Published on 19 May 2018 11:44AM / 695 words
I've ever been surprised, even amused, by the show of affection friends show in myself. Caring about myself has never been a high priority for me, I admit, so I emotionally recoil whenever an external being cares about my wellbeing more than me. I cannot comprehend it, on an emotional level of course as logically it is natural for friends to care about each other.
What surprises me the most is the long-lasting effect I may have on people who I have barely crossed their paths during my life. People who I shared 20 words on a party 8 months ago, people who are friends of a friend that don't talk among themselves much either, go figure with me. People who work at my same place and that we bump into each other once every 2 weeks. These kind of people. Not even acquaintances. Less than that.
Yet these people are the ones who most surprise me by sending me birthday wishes every year, by liking my photos on Instagram, by commenting on my Facebook timeline (and I barely use Facebook). I keep wondering: what did I say or do that made them remember me? I had an extremely small chance to make an impression on them, I didn't even try to, yet apparently I made a good one, and a lasting one.
Why so? I don't know.
Perhaps it has to do with the uniqueness of myself. Don't get me wrong, I am as average as anybody. I'm not smarter, more beautiful, classier or richer than whomever may happen to read this blog. I haven't accomplished anything truly remarkable in life. Not yet, I like to add. There's nothing in my past or my role in society that would make anybody remember of me even after months after a brief and occasional encounter.
My conclusion is that I am somehow different. A mix of different aspects of my person is something that is not often met nowadays, and it causes a lasting impression in others. Namely, I am a metalhead but I dress very classy, very much outside of what same aged men would, go figure real metalheads. Think of a Nick Cave as of style but singing like Rob Halford. Perhaps this befuddles somebody. To me it has always been natural as I don't want to choose how to dress according to a “tribe” or a predefined group. I am more than that.
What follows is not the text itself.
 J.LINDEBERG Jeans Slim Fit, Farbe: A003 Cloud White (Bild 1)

Perhaps it has also to do with being a programmer but taking care of himself. Aesthetically. And not being obsessed with nerdy things, not having a bedroom filled with Star Wars posters, Stallman quotes and a Rubik cube in a corner. My bedroom is quite minimalistic, as my way of dressing, which conflicts with the general idea people have of a metalhead or a programmer. Add that I'm not your average cis white male (I'm from the south of Italy and I am brown skinned), nor that I watch what is popular (those Avengers movies make me cringe), nor read what is currently trending (give me a book about the Mongol art of war anytime over the latest women empowering novel), nor listen to what is considered the current frontier of music (95% of all hiphop is pure trash as two thirds of modern metal), and you have a concoction of features that escape an easy definition.
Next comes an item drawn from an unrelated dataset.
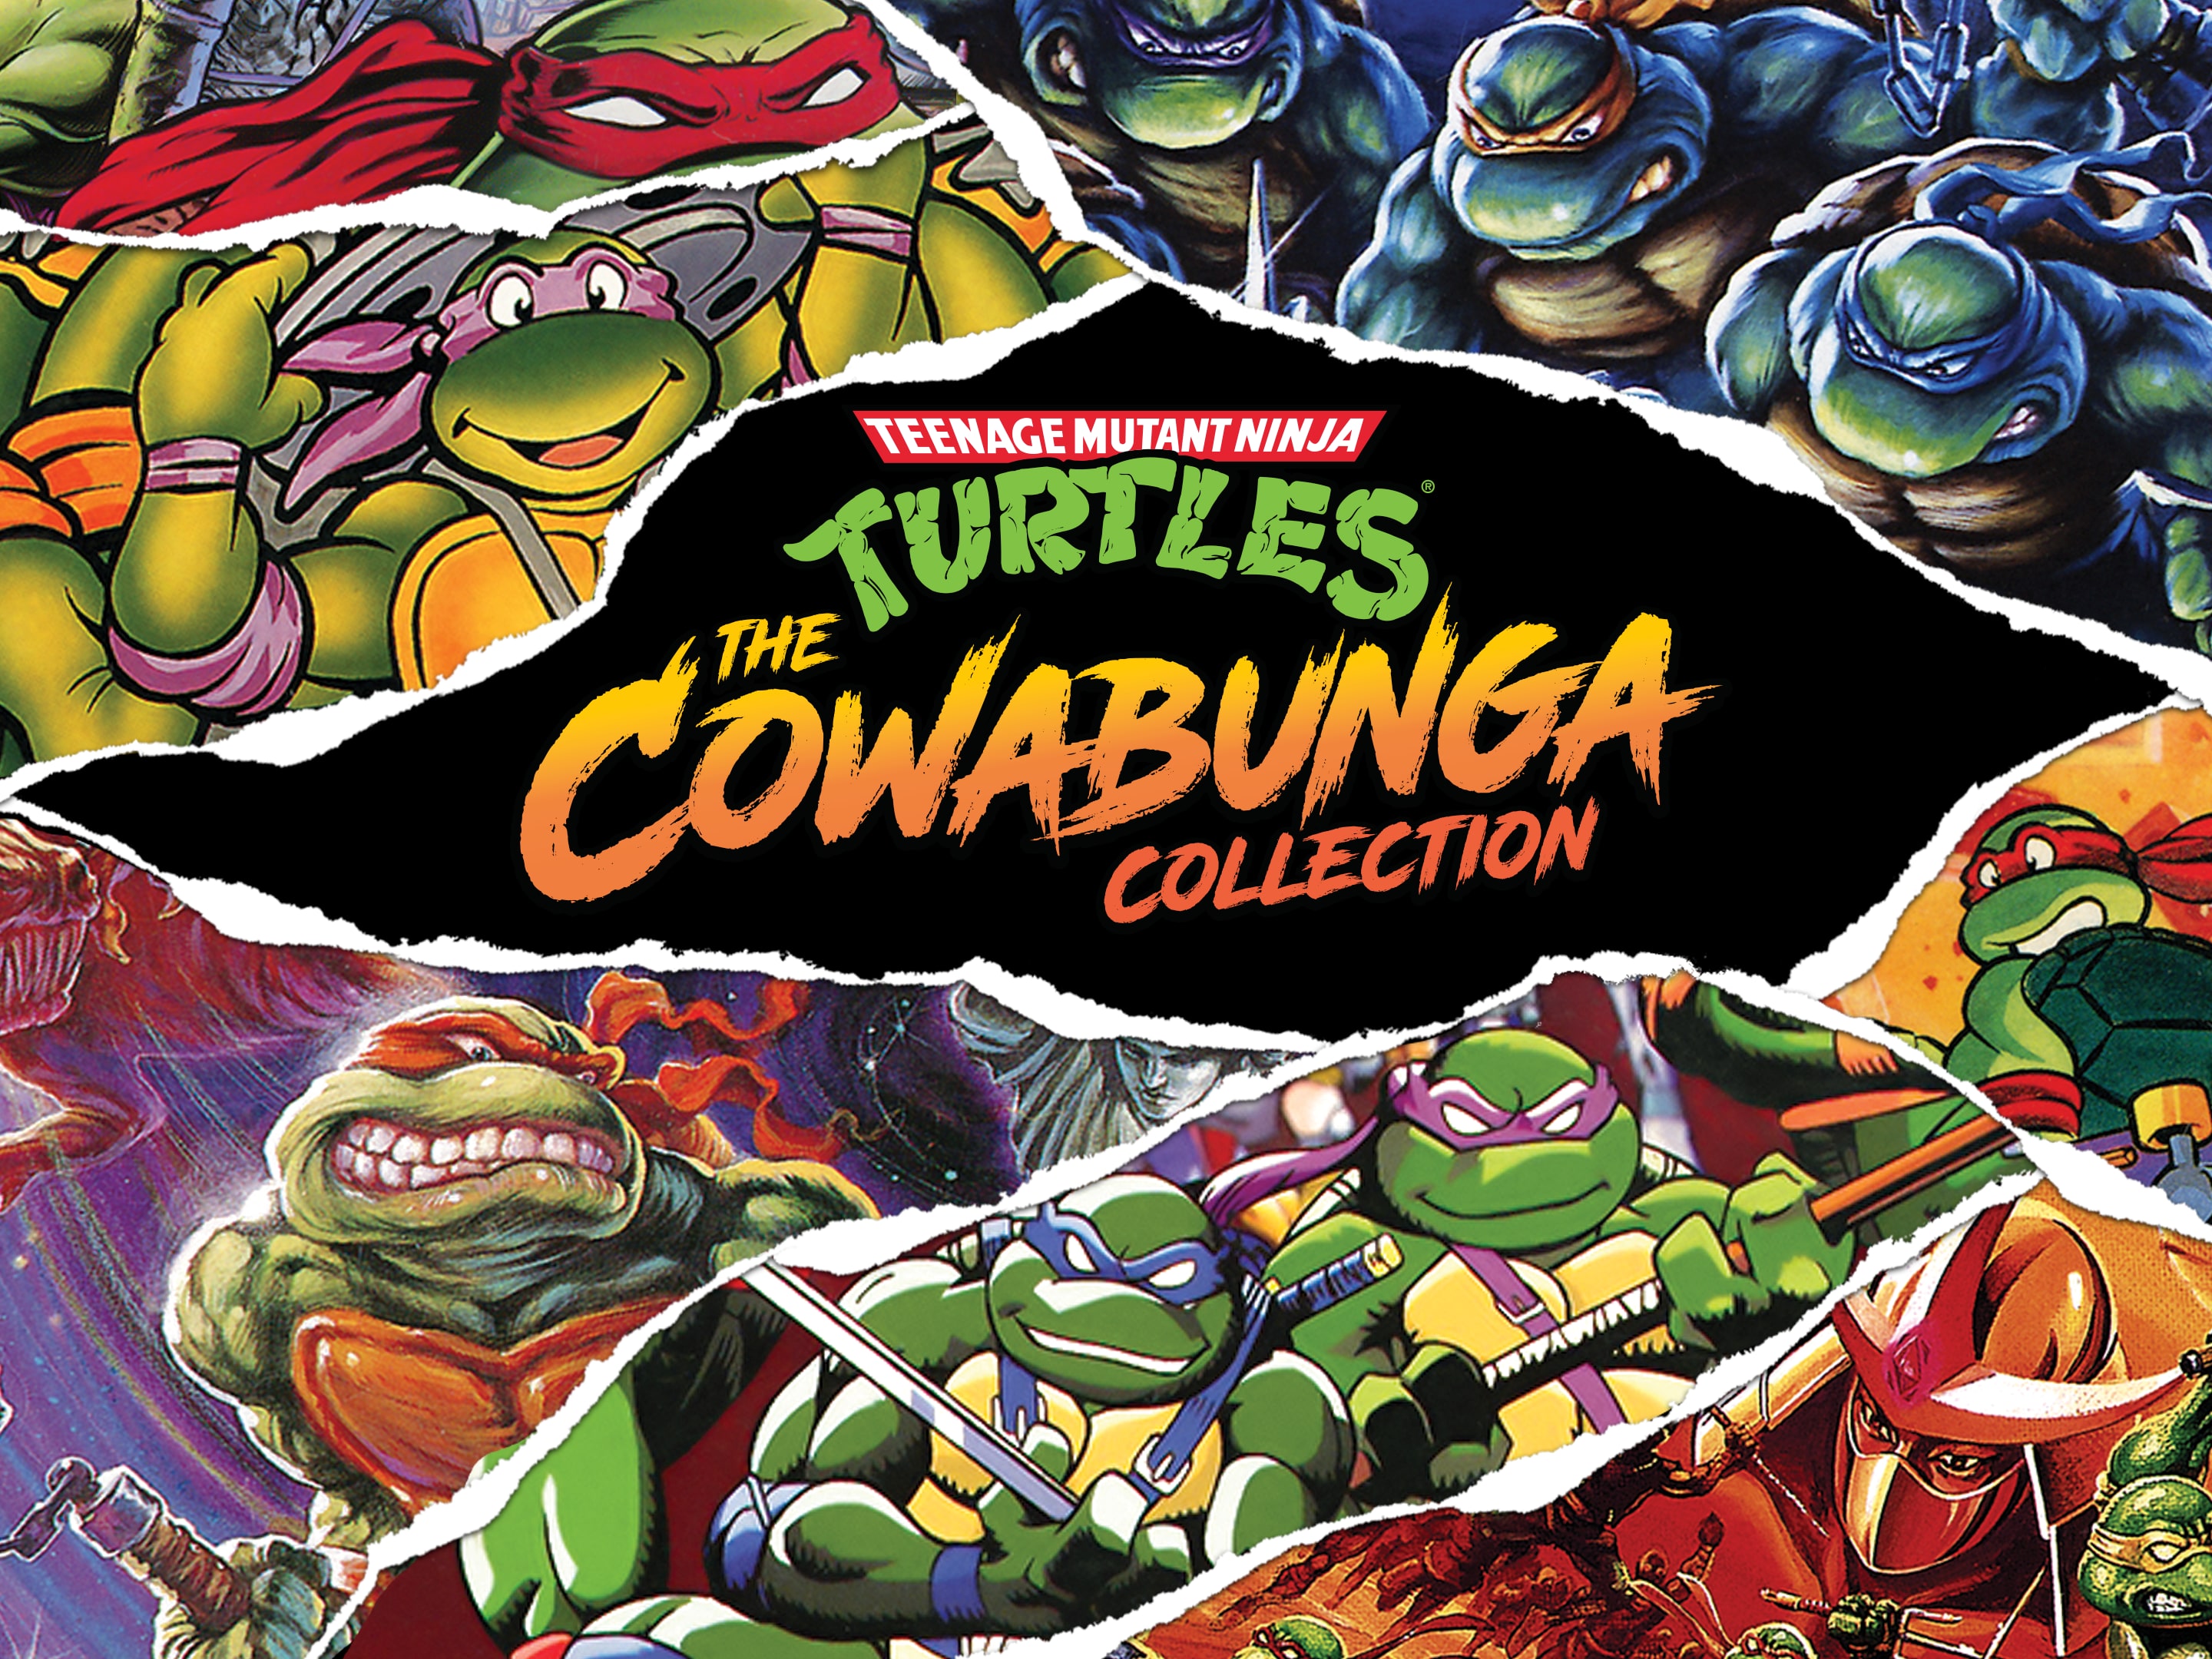 Teenage Mutant Ninja Turtles: The & PS4 Cowabunga PS5 Collection

Perhaps it is all this. Or perhaps it is something altogether different. I may never know for sure. None of my closer friends ever told me straightly what they find truly interesting in me. I am thus guessing.
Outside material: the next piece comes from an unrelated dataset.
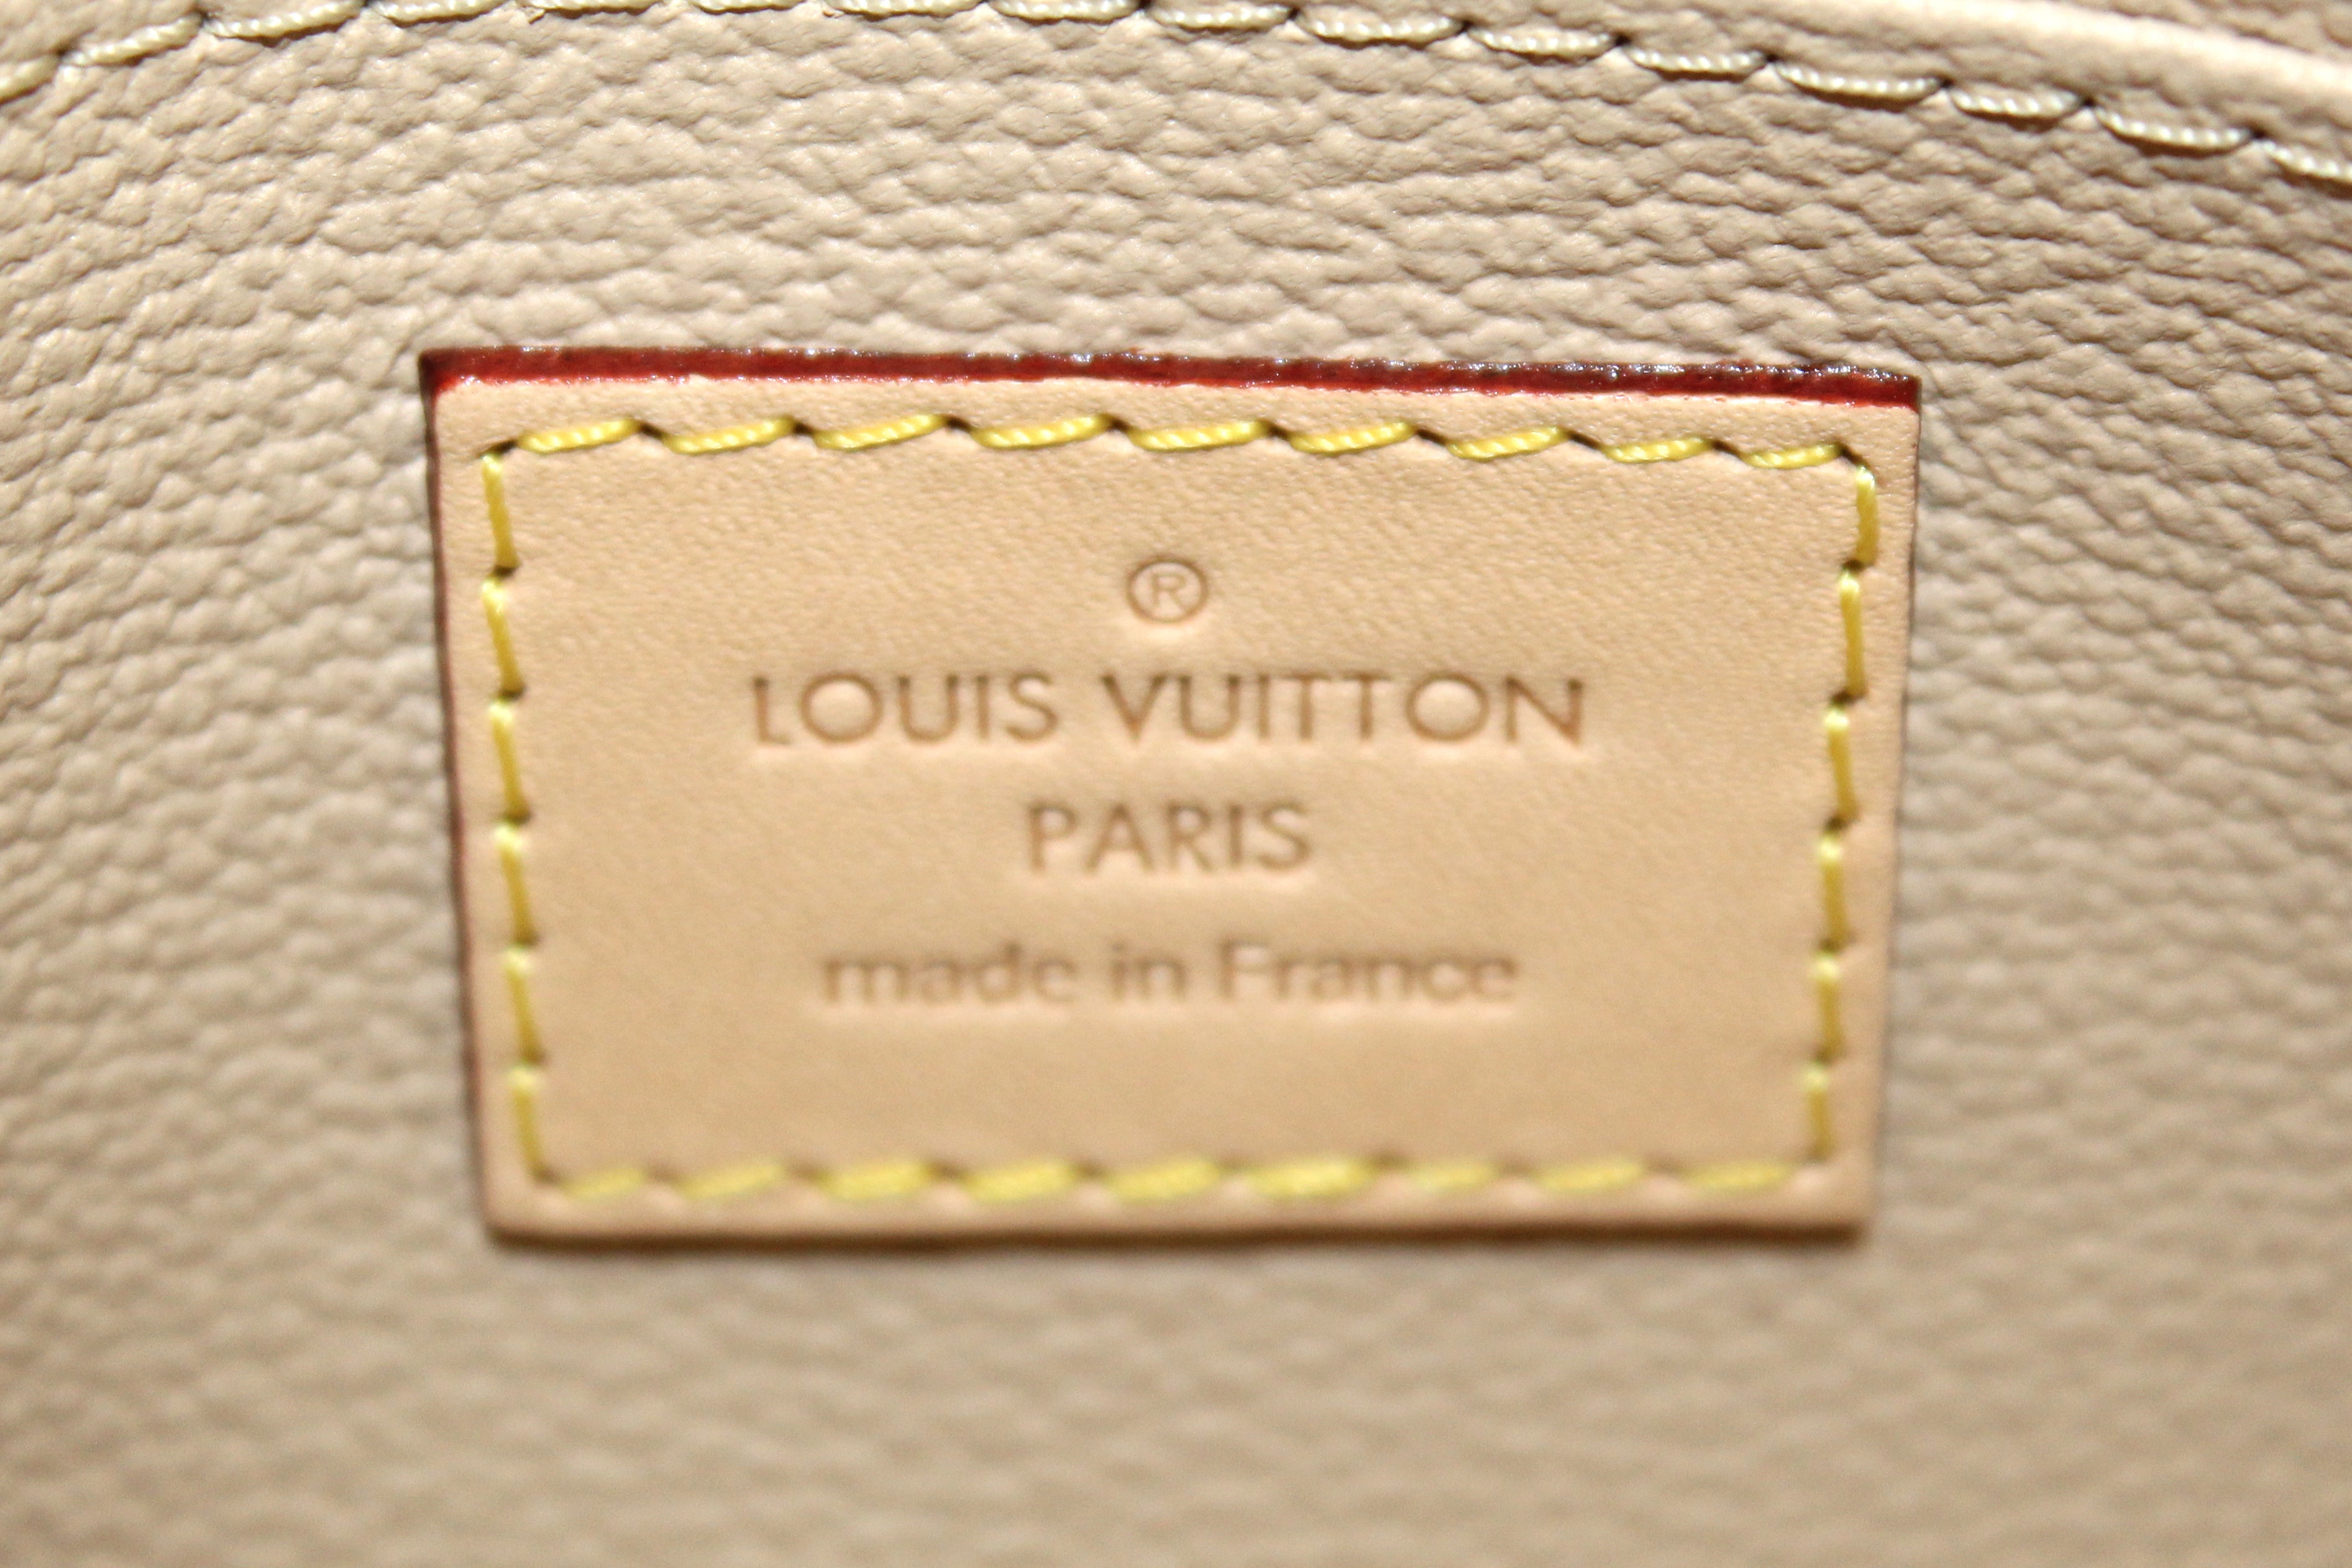 Authentic NEW Louis Vuitton Classic Monogram Canvas Cosmetic Pouch

I am though grateful to all the appreciation I received and continue to receive by friends and people who are way less than that. Especially the latter. I truly am. I don't believe much in life itself, I do find it a long succession of painful events intermixed with brief happiness. Yet I'd value the little appreciation I receive from near complete strangers as one of the most important source of that brief happiness that life sometimes is able to give us. I may never get why I have it but I do cherish it.